◆ **Records shown**
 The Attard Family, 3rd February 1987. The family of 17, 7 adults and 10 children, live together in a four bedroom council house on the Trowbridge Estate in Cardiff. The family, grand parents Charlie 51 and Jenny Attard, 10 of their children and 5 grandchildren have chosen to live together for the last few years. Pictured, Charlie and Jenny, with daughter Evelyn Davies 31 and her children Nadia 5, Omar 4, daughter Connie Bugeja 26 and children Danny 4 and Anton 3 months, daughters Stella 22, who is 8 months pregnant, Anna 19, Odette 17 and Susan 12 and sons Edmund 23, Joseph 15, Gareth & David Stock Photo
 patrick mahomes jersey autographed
--
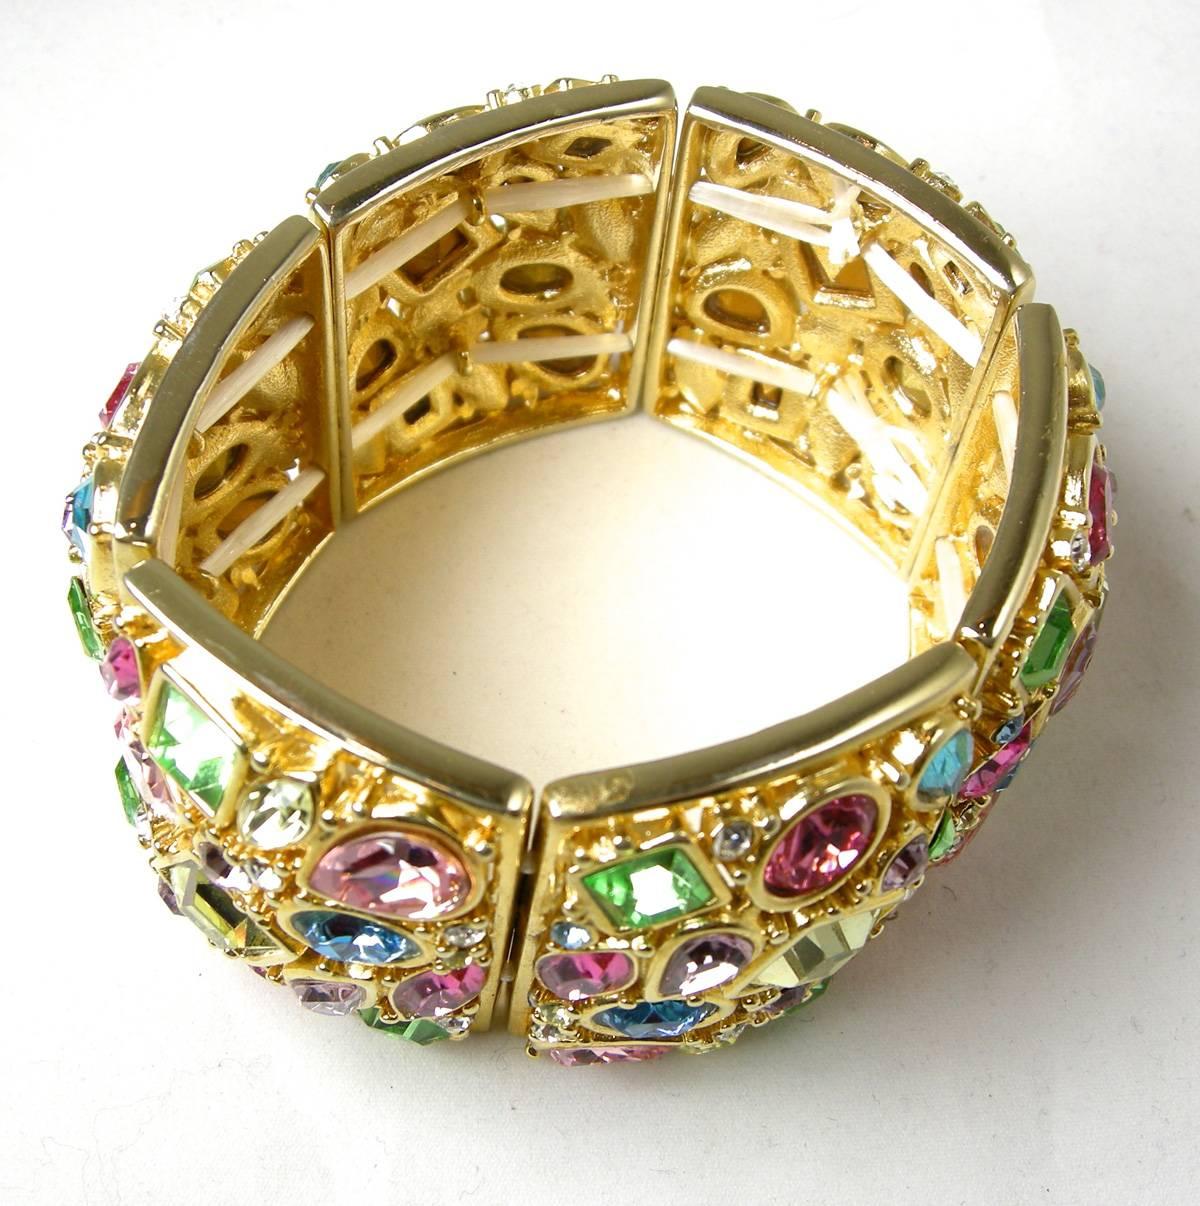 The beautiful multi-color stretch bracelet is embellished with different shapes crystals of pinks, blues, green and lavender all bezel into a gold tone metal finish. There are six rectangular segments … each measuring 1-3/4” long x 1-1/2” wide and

◆ **Task objective**
Using the records above, copy word for word the line with "The Attard Family, 3rd", the line with "patrick mahomes jersey autographed", and every line between them.

◆ **Written response**
 The Attard Family, 3rd February 1987. The family of 17, 7 adults and 10 children, live together in a four bedroom council house on the Trowbridge Estate in Cardiff. The family, grand parents Charlie 51 and Jenny Attard, 10 of their children and 5 grandchildren have chosen to live together for the last few years. Pictured, Charlie and Jenny, with daughter Evelyn Davies 31 and her children Nadia 5, Omar 4, daughter Connie Bugeja 26 and children Danny 4 and Anton 3 months, daughters Stella 22, who is 8 months pregnant, Anna 19, Odette 17 and Susan 12 and sons Edmund 23, Joseph 15, Gareth & David Stock Photo
 patrick mahomes jersey autographed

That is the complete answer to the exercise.